» Your task
Each entry below needs to be transcribed verbatim; the images should not appear.

━━━ Available records

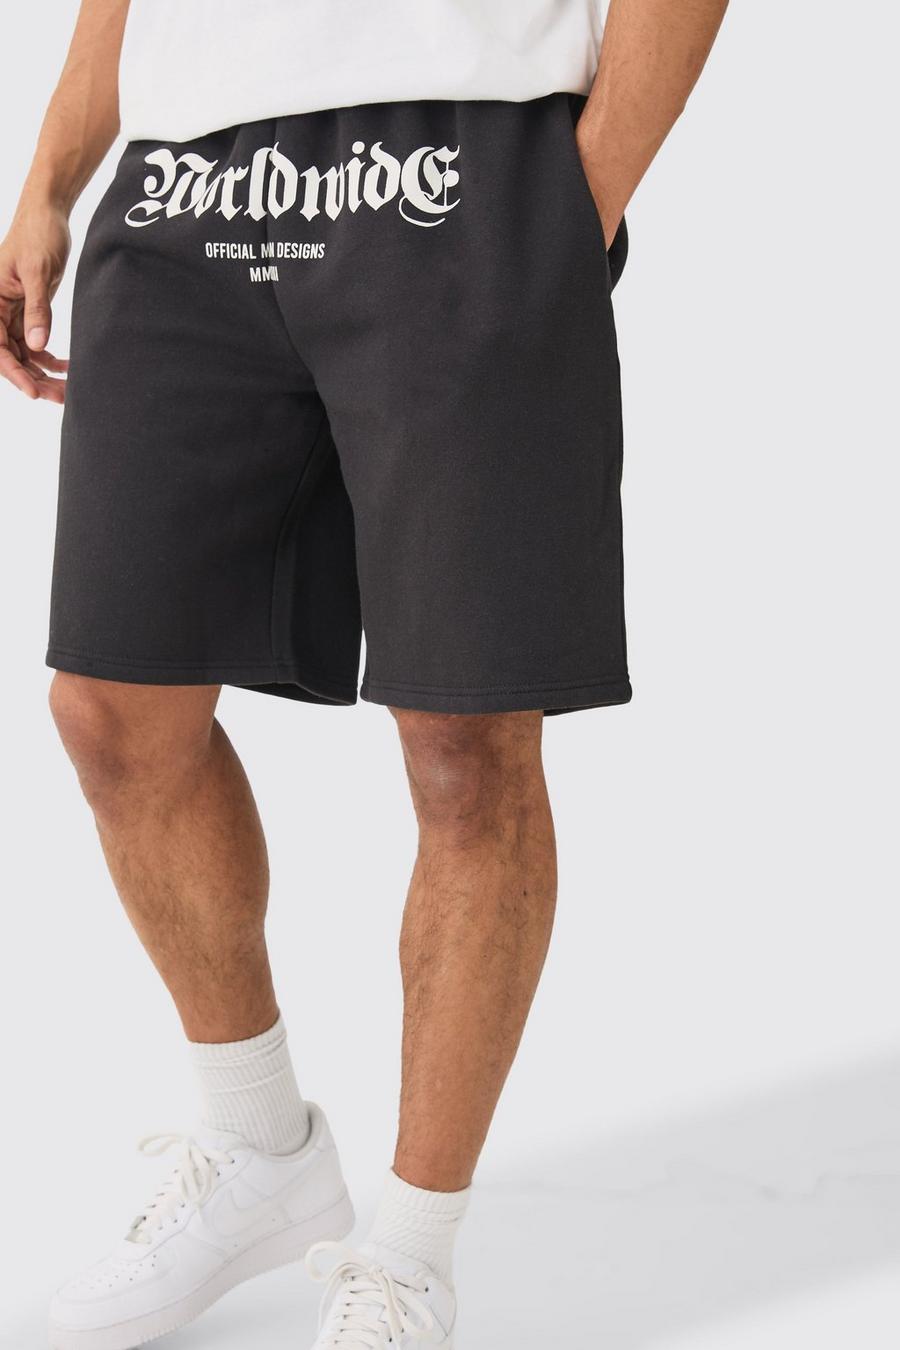 Pantalón corto oversize con estampado Worldwide en la entrepierna, Black
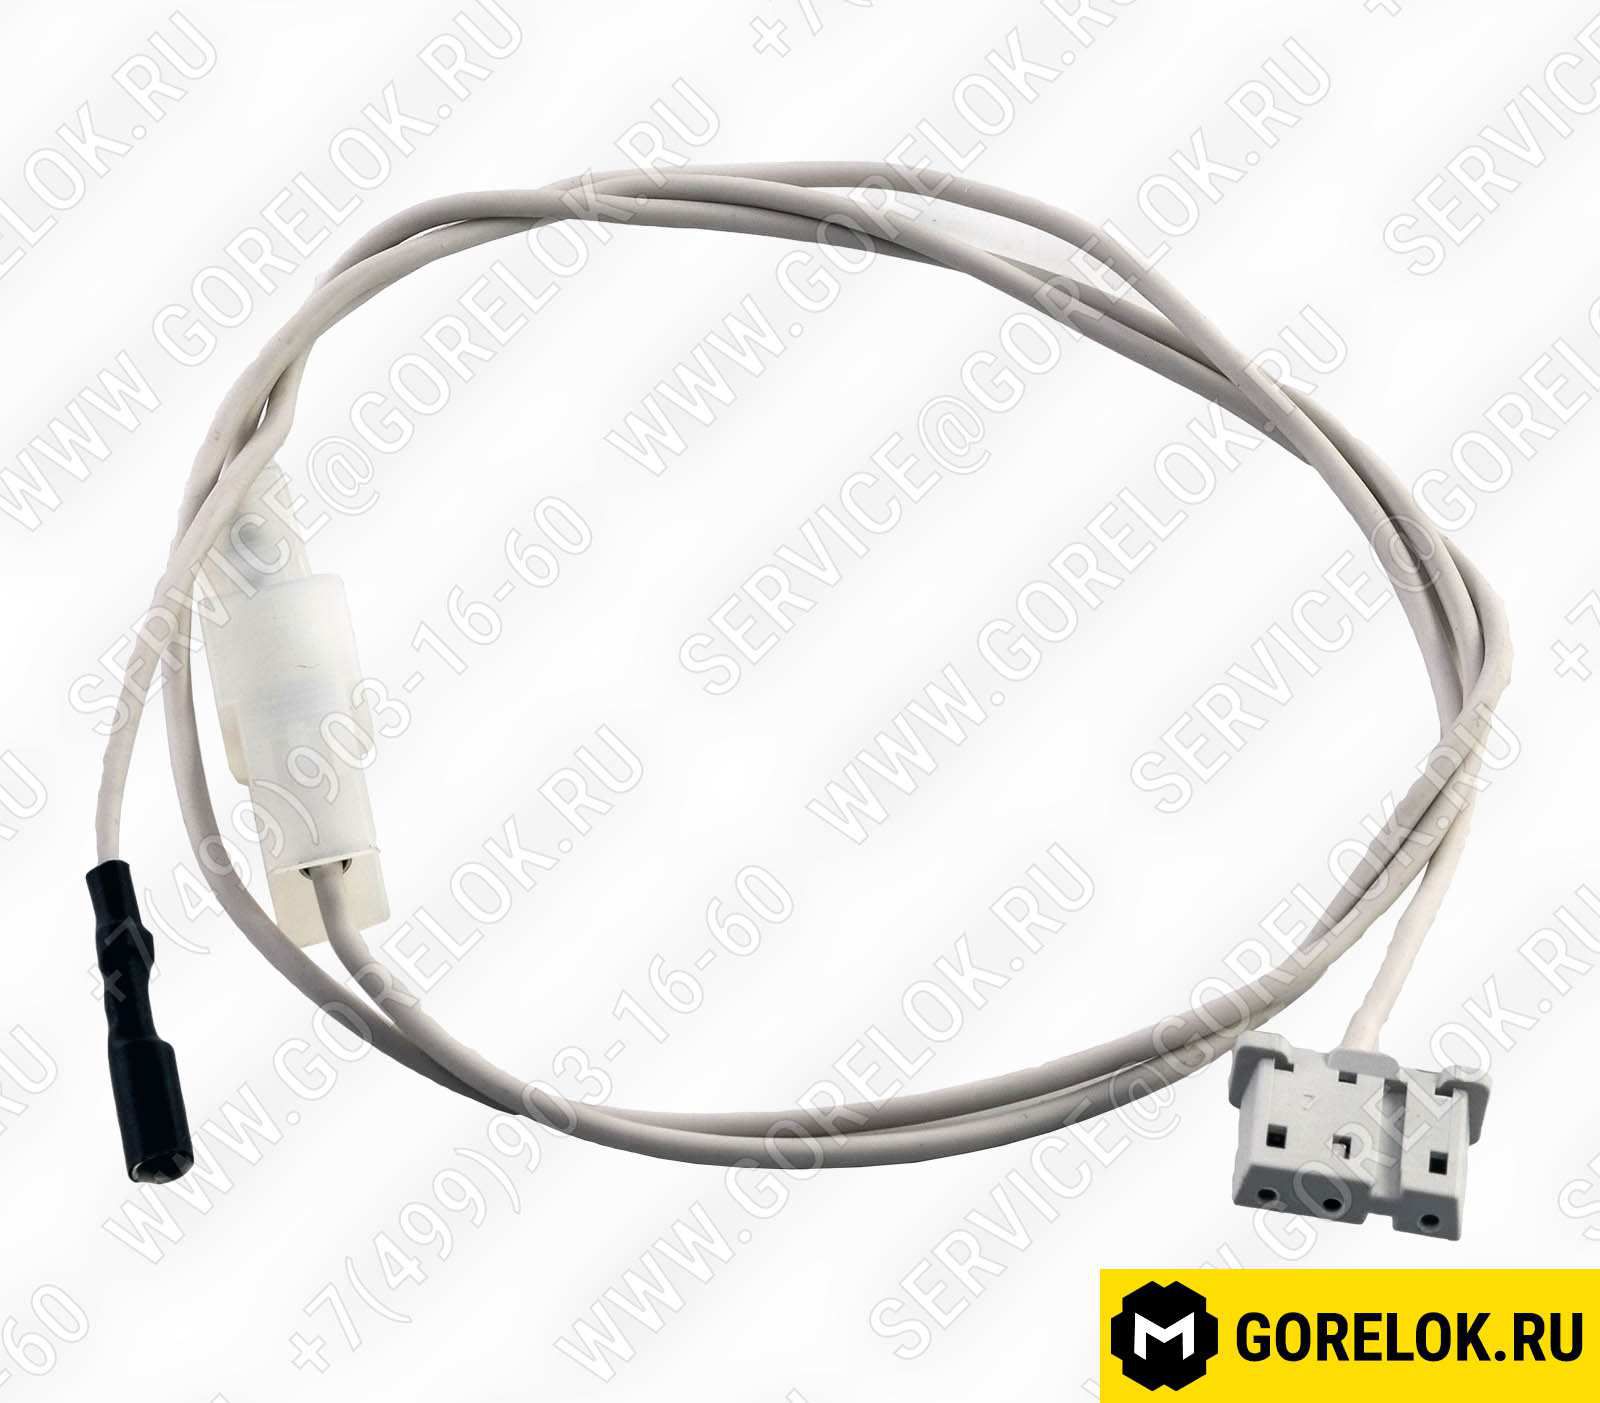 6050214 Новые поступления: Conn. cable 4 X 0.75 x000D 
1150 mm lang 15190725032
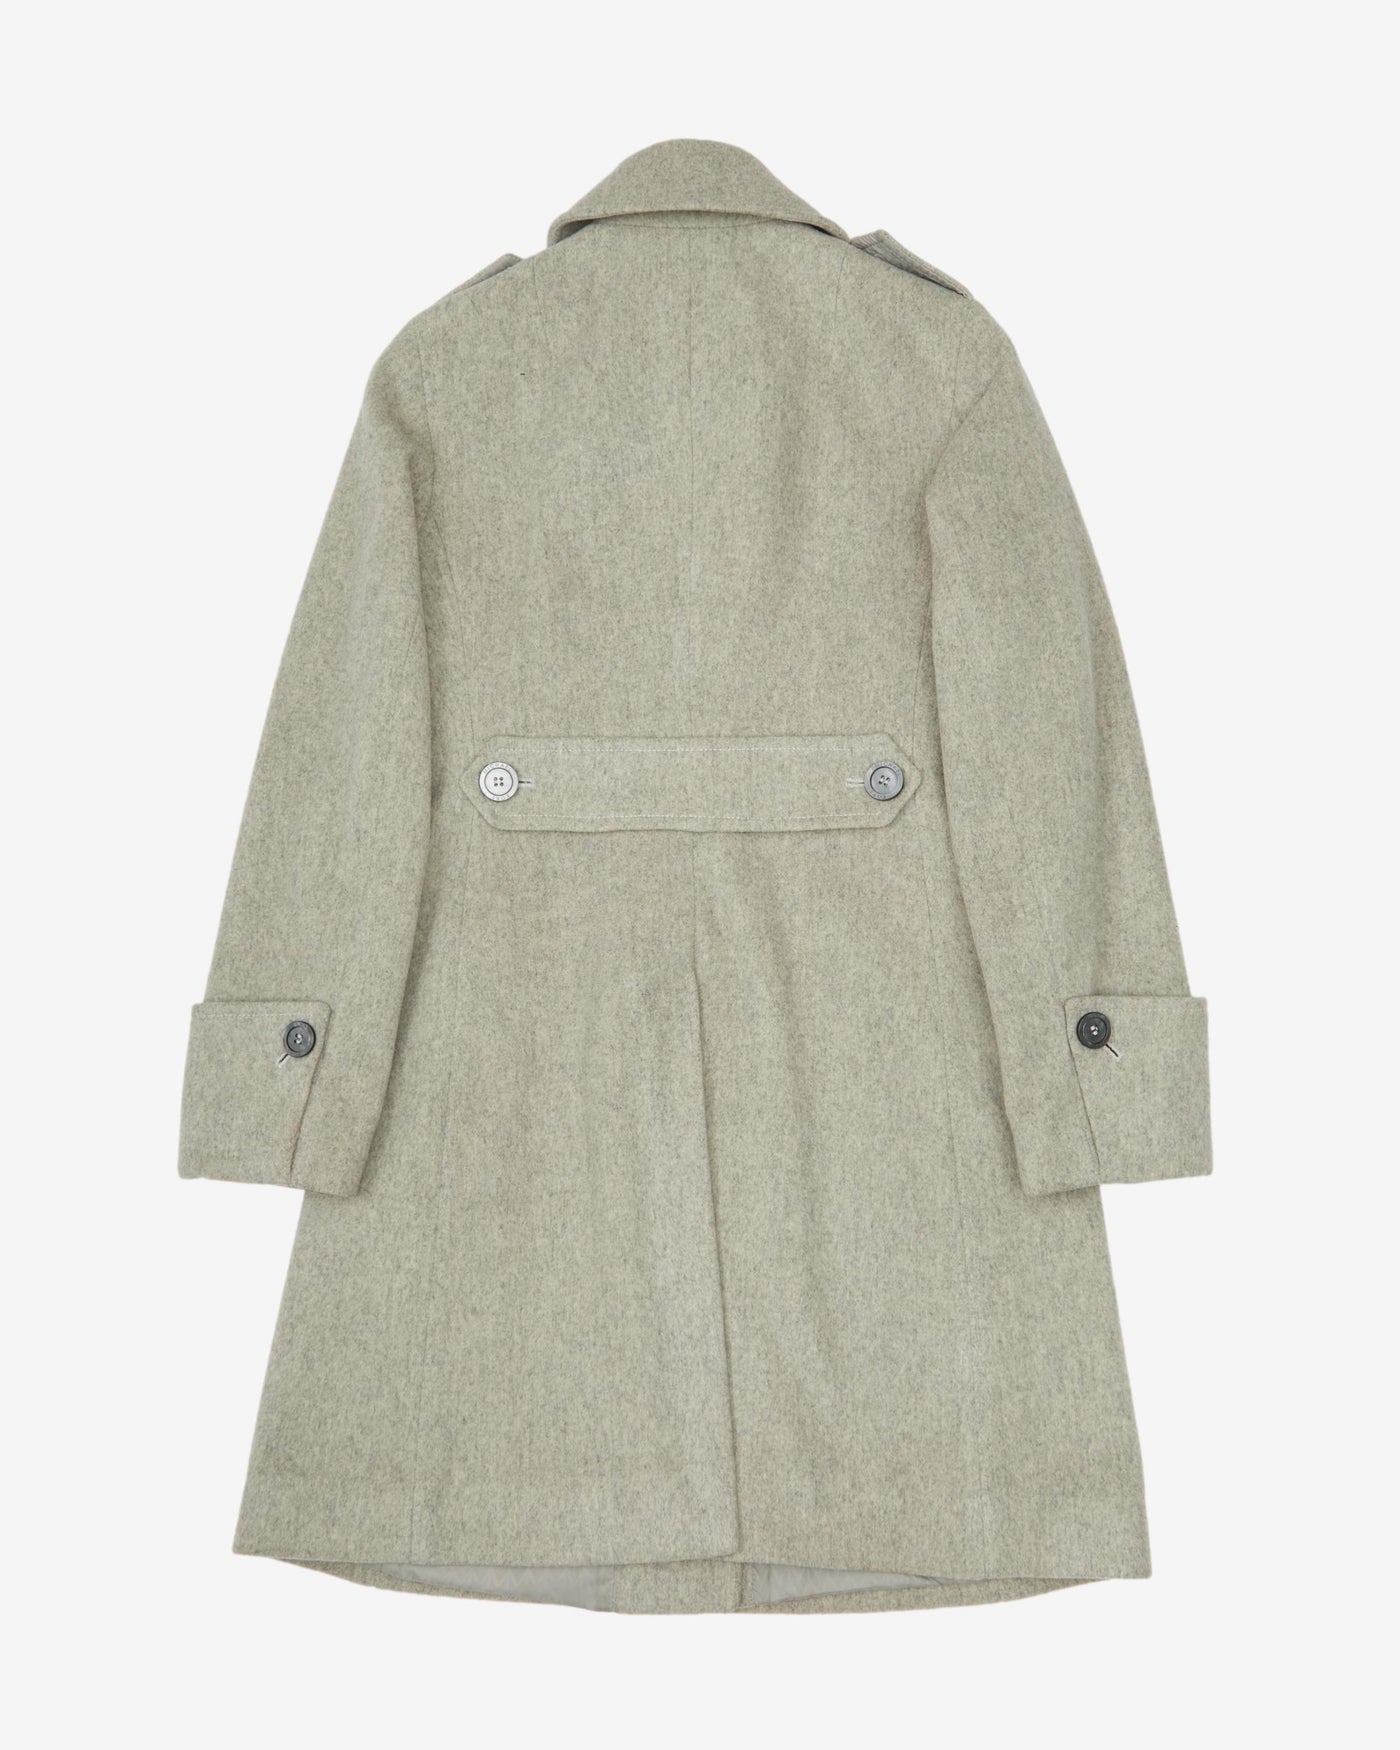 Michael Kors Grey Wool Overcoat - XS / S
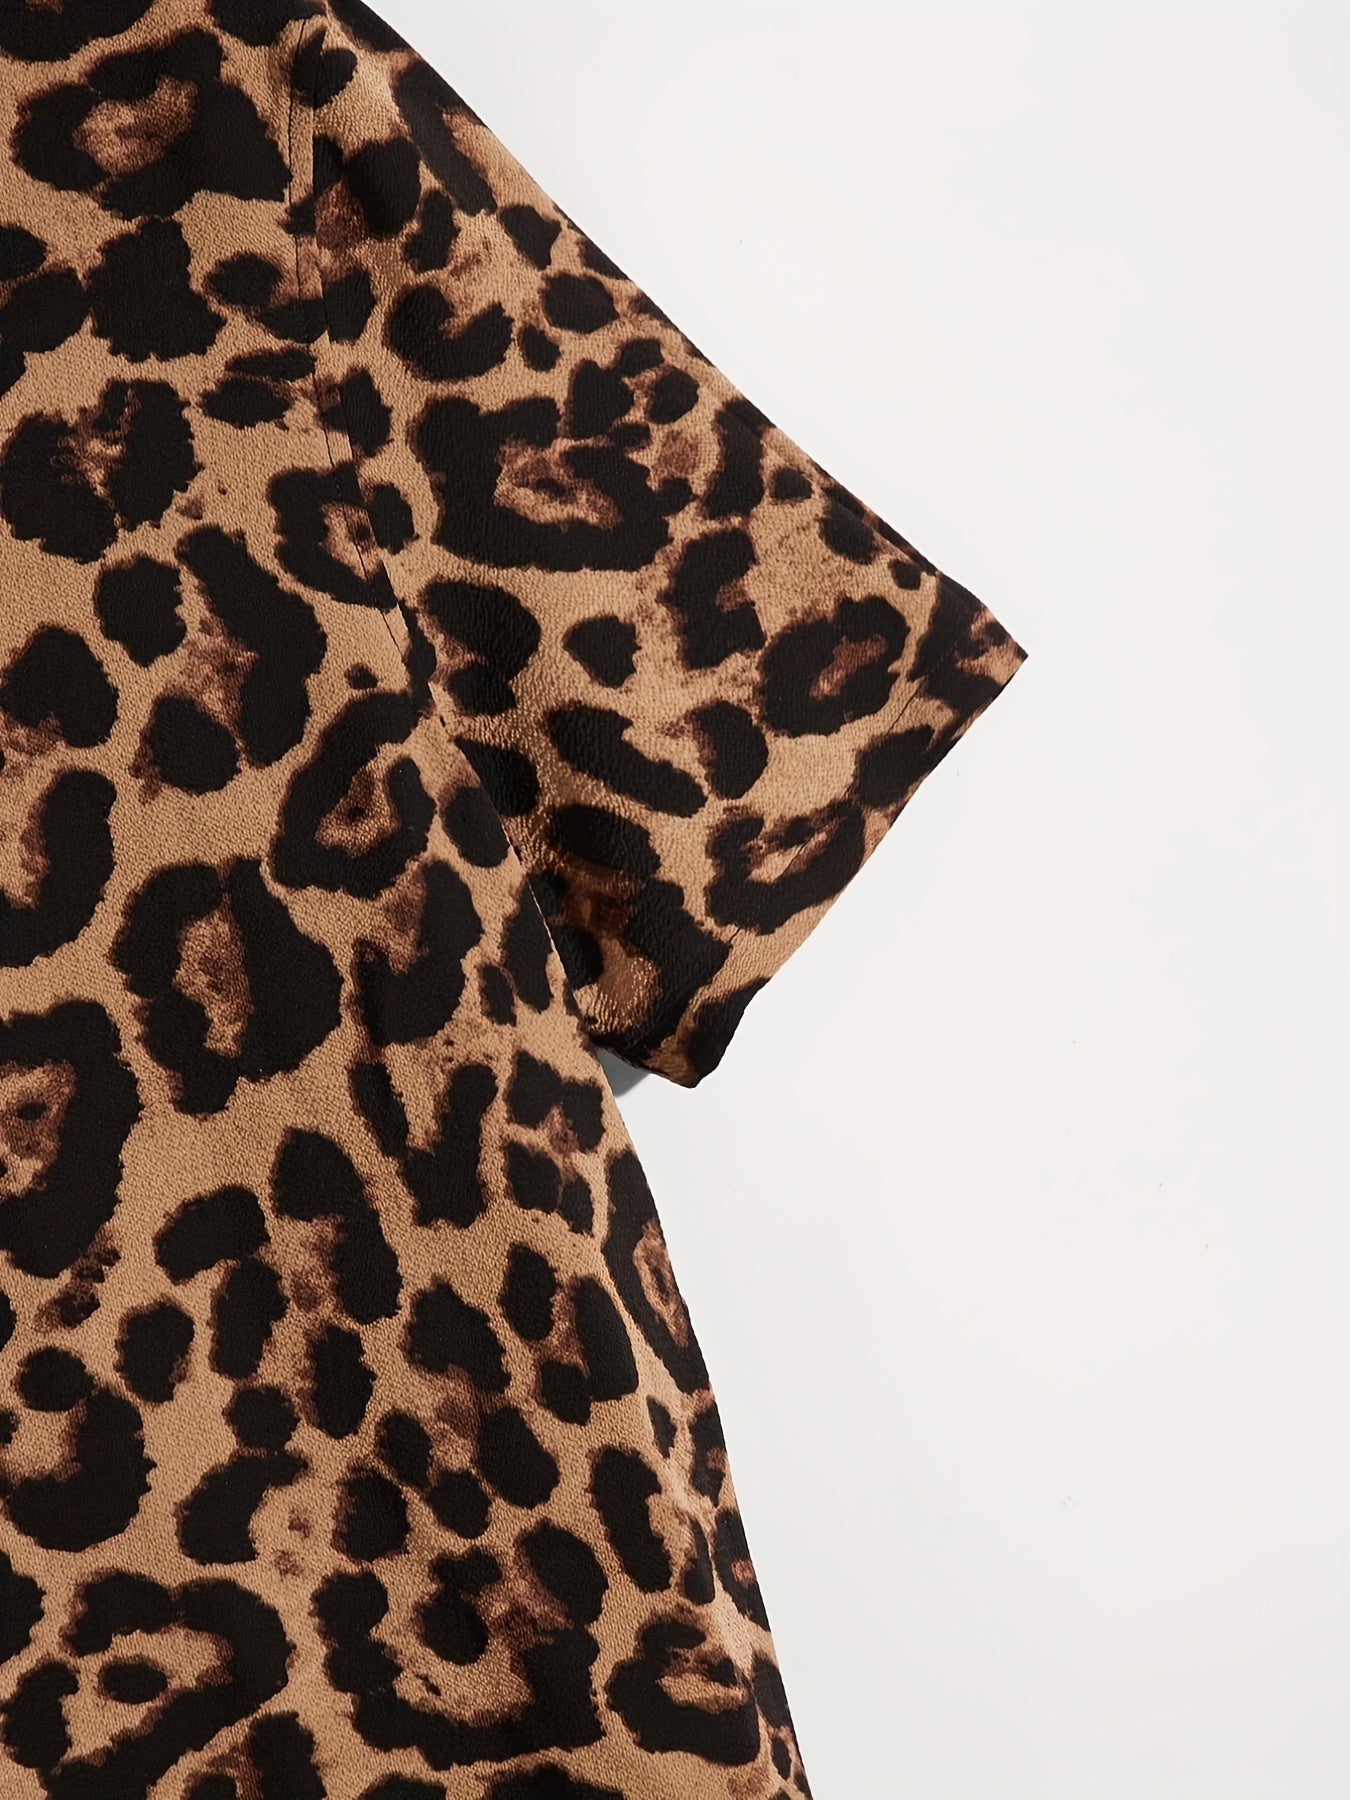 Leopard Button-Down Shirt

━━━━━━

» Answer to this task
 Pantalón corto oversize con estampado Worldwide en la entrepierna, Black
 6050214 Новые поступления: Conn. cable 4 X 0.75 x000D 
1150 mm lang 15190725032
 Michael Kors Grey Wool Overcoat - XS / S
 Leopard Button-Down Shirt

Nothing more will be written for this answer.